*MATERIAL SUPPLIED:*

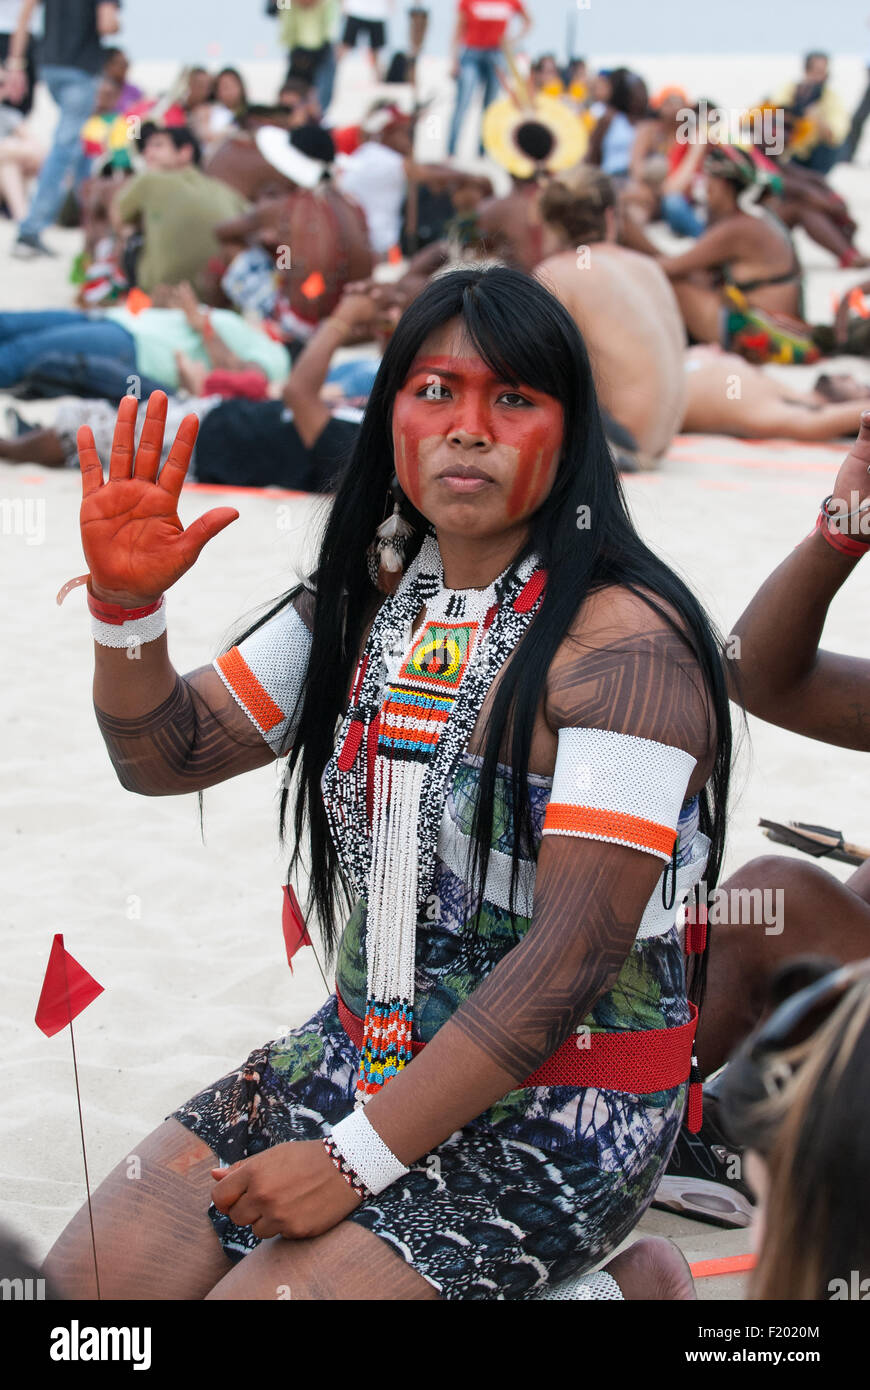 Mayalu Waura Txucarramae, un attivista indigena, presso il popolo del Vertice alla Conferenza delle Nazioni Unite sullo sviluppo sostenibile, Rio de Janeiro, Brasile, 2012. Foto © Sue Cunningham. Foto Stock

* * *

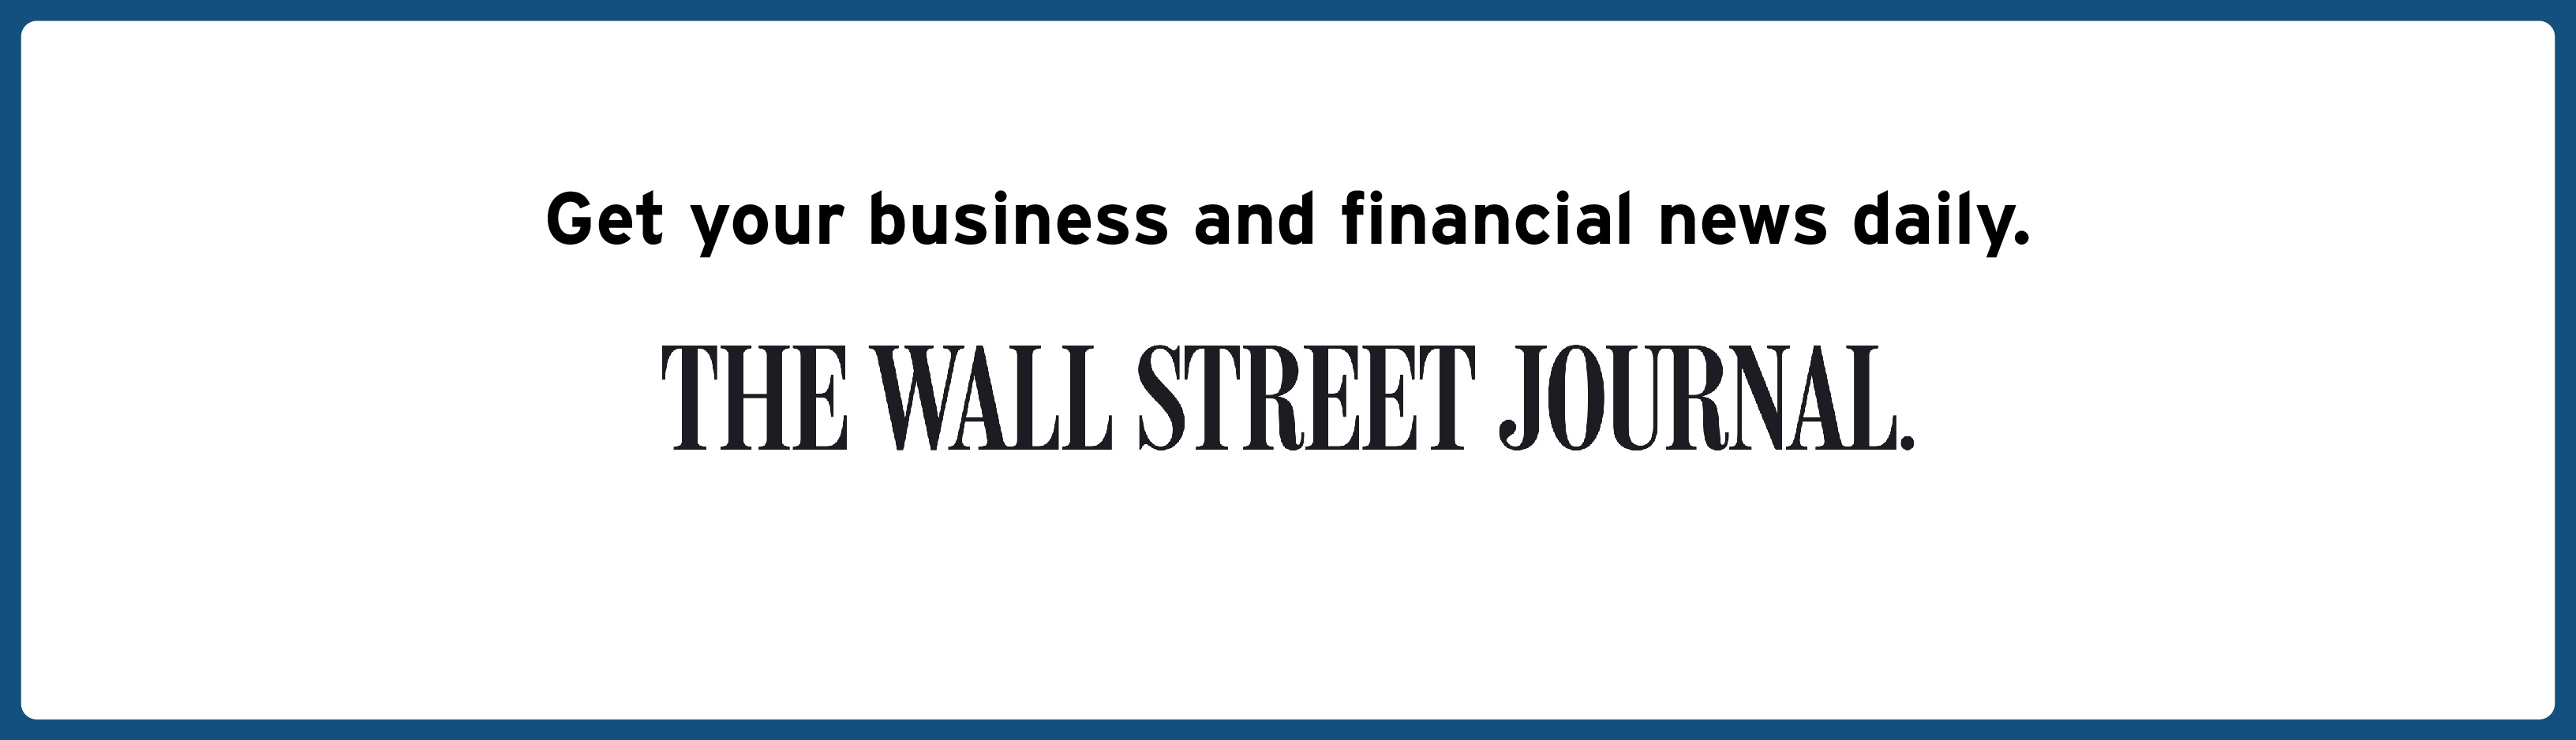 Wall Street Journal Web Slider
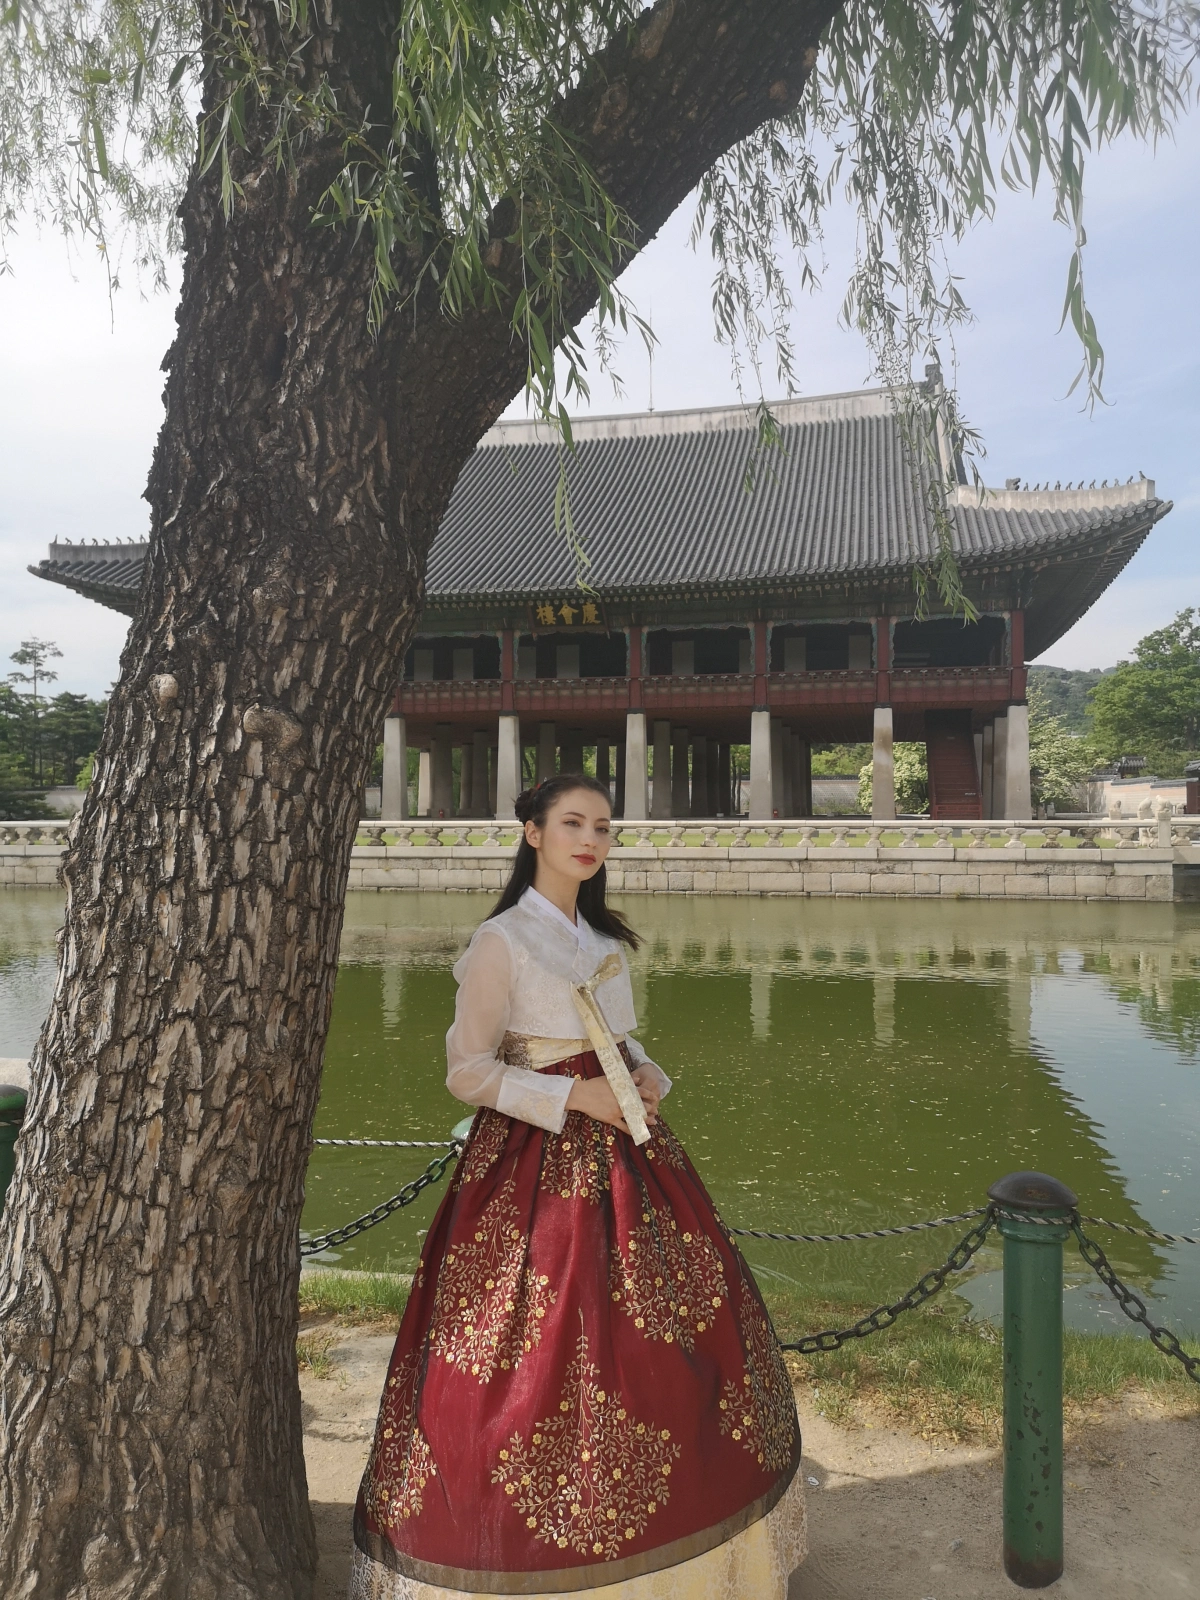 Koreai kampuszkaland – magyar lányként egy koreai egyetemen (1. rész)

*ASSIGNED TASK:* Within the listing above, the stretch from the line with "Wall Street Journal Web Slider" down to the line with "Koreai kampuszkaland –" is to be given again exactly, end lines included and pictures excluded.

*COMPLETED EXERCISE:*
 Wall Street Journal Web Slider
 Koreai kampuszkaland – magyar lányként egy koreai egyetemen (1. rész)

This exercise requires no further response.